• **ABOUT THIS TASK**: Set down exactly the first line of the entries and every line after it, through the line with "Revlon TOP SPEED NATURAL BROWN 60 Hair Color".

• **INPUT**:

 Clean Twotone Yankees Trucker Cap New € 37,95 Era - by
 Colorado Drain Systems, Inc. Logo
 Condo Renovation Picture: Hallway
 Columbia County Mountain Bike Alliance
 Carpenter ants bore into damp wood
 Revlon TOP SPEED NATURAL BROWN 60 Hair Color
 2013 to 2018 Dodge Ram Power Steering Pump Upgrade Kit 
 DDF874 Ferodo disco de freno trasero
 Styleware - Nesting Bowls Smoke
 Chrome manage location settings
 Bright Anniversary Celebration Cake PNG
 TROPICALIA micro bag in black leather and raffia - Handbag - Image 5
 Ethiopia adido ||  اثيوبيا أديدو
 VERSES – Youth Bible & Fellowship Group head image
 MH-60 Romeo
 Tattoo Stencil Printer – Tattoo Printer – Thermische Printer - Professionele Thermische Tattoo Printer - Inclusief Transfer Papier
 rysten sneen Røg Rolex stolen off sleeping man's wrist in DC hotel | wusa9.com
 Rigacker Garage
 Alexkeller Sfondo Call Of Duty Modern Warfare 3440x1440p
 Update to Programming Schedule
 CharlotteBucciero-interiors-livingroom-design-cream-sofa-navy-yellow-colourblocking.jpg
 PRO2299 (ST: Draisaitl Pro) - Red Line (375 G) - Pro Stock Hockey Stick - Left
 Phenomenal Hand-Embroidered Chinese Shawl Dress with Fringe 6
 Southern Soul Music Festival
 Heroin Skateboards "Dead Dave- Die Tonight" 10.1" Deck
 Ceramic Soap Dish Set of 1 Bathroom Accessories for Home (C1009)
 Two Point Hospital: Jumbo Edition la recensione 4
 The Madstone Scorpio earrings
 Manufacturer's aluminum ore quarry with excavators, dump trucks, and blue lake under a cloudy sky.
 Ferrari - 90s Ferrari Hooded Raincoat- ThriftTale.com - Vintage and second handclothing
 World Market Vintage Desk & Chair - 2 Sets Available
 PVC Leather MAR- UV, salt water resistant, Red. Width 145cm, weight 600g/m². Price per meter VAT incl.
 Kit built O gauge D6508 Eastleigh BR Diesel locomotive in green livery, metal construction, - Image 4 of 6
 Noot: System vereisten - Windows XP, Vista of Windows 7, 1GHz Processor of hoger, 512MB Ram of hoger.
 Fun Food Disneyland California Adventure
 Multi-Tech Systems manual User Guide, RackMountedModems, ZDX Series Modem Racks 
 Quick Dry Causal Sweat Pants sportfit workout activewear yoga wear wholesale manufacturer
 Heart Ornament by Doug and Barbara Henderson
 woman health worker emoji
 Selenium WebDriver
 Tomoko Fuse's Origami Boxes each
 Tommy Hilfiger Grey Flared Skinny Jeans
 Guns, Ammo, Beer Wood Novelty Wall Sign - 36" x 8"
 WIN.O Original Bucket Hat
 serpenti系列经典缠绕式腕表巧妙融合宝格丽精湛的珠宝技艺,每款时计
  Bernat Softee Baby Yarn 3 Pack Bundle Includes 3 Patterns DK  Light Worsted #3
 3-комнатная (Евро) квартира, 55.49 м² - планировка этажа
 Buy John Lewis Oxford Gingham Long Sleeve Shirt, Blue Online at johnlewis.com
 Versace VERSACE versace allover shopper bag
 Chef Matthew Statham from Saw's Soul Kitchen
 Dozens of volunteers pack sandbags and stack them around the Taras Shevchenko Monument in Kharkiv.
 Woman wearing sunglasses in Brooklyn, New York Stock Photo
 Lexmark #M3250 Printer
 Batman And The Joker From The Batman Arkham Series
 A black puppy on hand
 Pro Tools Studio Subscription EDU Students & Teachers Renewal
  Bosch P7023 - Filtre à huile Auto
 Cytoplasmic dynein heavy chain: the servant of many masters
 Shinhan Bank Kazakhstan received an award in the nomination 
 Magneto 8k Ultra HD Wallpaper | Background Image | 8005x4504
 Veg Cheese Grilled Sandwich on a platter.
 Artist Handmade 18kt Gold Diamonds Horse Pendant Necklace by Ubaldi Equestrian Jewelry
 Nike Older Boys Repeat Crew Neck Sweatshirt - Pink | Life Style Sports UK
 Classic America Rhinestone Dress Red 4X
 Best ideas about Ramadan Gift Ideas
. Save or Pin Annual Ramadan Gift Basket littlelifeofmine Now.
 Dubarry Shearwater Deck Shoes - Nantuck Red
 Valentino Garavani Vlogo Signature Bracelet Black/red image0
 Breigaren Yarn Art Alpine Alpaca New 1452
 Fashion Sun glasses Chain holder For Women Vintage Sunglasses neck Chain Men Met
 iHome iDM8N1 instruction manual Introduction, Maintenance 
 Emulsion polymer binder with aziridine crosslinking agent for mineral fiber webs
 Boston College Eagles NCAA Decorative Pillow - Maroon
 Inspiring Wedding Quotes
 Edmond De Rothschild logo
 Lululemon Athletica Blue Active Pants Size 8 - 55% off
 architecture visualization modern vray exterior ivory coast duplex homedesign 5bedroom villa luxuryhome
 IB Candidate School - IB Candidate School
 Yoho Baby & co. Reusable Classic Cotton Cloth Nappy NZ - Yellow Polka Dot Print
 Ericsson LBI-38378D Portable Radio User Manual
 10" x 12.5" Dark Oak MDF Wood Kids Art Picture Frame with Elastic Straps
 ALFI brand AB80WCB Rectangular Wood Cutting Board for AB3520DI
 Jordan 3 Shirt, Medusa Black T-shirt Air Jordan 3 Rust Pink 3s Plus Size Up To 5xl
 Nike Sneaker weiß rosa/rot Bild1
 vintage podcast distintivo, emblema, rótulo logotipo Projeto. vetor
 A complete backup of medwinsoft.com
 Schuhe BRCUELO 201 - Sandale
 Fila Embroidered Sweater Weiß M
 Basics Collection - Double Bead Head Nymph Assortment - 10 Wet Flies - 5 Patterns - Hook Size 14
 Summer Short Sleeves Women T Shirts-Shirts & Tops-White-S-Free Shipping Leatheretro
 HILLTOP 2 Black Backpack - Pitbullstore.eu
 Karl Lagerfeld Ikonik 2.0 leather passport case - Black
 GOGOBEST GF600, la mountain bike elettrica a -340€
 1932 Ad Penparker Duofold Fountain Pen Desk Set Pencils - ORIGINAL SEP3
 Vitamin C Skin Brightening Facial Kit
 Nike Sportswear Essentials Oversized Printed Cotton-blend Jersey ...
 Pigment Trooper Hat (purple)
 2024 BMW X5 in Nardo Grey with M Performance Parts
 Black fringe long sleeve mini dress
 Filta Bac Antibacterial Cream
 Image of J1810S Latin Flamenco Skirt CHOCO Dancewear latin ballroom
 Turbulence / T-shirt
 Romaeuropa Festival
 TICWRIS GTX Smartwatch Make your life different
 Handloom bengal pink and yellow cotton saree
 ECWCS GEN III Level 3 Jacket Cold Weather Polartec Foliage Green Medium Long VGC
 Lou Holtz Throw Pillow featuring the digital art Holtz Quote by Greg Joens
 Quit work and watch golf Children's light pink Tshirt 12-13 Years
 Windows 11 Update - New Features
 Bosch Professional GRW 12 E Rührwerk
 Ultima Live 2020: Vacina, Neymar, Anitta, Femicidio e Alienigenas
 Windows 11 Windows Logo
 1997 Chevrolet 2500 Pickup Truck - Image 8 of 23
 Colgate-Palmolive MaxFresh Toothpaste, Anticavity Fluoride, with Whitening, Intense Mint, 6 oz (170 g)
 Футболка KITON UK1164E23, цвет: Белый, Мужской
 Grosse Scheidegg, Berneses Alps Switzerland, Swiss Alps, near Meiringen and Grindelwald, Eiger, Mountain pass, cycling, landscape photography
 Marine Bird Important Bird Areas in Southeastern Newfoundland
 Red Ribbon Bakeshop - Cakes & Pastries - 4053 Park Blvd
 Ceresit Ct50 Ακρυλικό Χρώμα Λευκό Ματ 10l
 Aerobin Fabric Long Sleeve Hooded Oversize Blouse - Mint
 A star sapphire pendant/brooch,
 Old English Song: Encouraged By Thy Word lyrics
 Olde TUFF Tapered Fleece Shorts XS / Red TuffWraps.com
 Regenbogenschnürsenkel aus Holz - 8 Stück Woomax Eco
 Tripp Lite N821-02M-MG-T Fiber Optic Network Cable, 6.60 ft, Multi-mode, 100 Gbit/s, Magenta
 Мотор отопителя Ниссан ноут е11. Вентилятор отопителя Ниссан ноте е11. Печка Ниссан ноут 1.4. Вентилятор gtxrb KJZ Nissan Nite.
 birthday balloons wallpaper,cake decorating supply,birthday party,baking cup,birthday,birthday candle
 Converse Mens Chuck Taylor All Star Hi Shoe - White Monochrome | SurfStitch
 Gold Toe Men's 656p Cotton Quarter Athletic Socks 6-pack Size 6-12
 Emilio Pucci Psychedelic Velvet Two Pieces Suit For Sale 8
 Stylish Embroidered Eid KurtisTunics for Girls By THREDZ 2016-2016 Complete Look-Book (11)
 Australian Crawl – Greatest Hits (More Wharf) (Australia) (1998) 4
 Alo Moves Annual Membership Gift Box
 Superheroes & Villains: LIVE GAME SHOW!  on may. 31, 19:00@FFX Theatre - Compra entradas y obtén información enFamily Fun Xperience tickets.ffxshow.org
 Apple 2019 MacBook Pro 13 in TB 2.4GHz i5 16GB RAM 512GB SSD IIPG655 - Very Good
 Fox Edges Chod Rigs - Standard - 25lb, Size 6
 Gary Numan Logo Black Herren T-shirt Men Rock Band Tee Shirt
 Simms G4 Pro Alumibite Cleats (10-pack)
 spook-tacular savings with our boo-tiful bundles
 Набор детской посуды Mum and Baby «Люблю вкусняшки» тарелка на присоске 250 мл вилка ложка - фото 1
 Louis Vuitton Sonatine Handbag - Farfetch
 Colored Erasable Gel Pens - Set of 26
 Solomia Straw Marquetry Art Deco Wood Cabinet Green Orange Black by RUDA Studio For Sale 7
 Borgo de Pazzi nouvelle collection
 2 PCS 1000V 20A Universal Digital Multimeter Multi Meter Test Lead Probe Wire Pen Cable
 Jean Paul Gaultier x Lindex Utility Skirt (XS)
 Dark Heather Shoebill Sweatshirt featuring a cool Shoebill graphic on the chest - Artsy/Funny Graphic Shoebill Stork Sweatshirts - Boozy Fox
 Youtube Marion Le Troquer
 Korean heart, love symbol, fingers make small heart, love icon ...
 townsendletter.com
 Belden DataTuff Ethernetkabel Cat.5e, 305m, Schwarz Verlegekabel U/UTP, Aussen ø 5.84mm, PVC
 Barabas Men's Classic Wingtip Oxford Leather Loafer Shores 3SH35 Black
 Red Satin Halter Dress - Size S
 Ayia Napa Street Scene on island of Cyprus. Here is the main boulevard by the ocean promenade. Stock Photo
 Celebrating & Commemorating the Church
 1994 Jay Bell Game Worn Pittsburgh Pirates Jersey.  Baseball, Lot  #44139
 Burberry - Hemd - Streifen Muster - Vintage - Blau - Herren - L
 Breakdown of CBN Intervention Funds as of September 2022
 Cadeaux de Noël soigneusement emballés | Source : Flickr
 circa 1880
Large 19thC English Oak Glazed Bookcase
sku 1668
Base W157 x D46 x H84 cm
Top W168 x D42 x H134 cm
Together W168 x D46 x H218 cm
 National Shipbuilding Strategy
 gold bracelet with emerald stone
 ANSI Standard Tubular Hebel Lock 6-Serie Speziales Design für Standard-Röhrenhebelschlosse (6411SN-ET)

• **OUTPUT FOR THIS TASK**:
 Clean Twotone Yankees Trucker Cap New € 37,95 Era - by
 Colorado Drain Systems, Inc. Logo
 Condo Renovation Picture: Hallway
 Columbia County Mountain Bike Alliance
 Carpenter ants bore into damp wood
 Revlon TOP SPEED NATURAL BROWN 60 Hair Color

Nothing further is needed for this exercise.